Vacant home tax hits more delays as Government considers analysing electricity usage to find empty properties

28 comments
  1. Ffs just do something, literally anything. It’s ynbearable how bad its gotten and there is no end in sight. They need drastic action and quickly or else there is going to be another decade of this

  2. As the year goes on and inflation spikes, they’ll run around looking for a few quid to give to pensioners for fuel etc instead of realizing now that if they tax these homes, more might go on the market and rents will come down and if that doesn’t happen, they’ll have the tax to spend to alleviate the inflation costs

  3. We had the spiel back in the bust when they were trying to figure out how many empties there were, but at least we’ve eircodes since then. They have zero interest in transparency in the housing market, too many vested interests.

  4. Not going to make a huge difference anyway. Going by the vacant properties around here most of them are in disrepair.

  5. If the risk is under-measurement then introduce it as-is right now and add electricity measurement later as a data point later to catch more.

    If the risk is over measuring vacancies then allow electricity bills as a basis for an appeal. I guess the concern there then is right-sizing the staff for the department due to increased appeals but sure look that shouldn’t be stopping them.

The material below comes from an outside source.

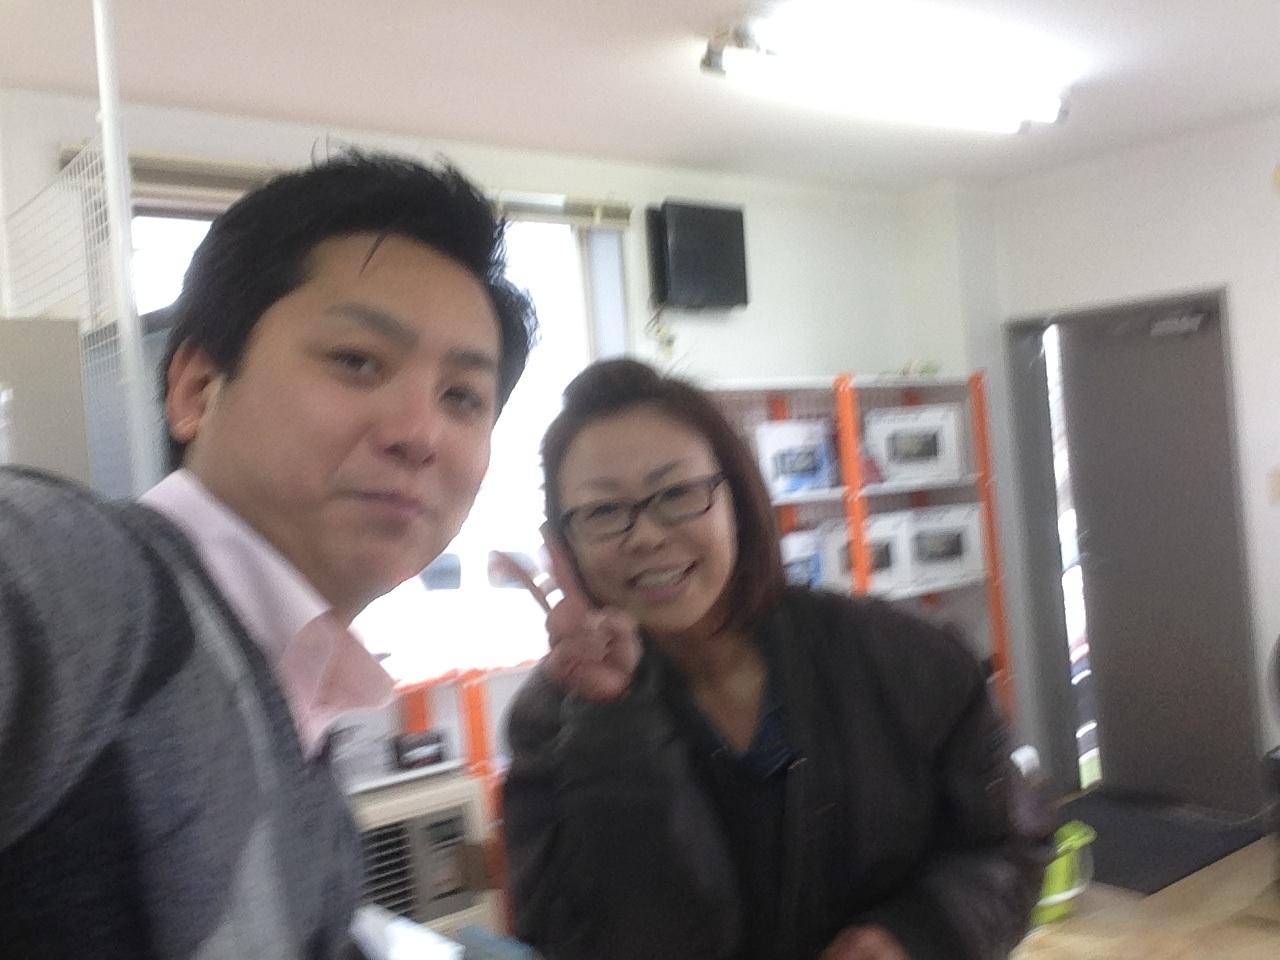 11月7日(金)トミーアウトレット☆グッチーブログ☆軽自動車・_b0127002_20211182.jpg

  6. I live in the countryside and there’s like 4 or 5 empty houses near me. One or two might have someone in them for one week a year.

    But most of them have no one in them.

  7. Surely you introduce it, use the data sets that you can stand over supported by self declaration (for what worth..) and then improve detection measures over time?

  8. Time for vacant property owners to move their mining rigs to the vacant properties then- a win-win for them.

  9. Why is governments answer to everything a tax? Why not look at why building is lagging so far behind population growth and address that?

  10. Just register me down now as one of the people who said this wouldn’t help one iota in advance. I don’t want anyone coming back and saying “hindsight this” or “no-one could predict that”.

    Most of the vacants are either legally unlivable and you’d have a people squealing about having to live in slums or they’re in remote places that people don’t want to live.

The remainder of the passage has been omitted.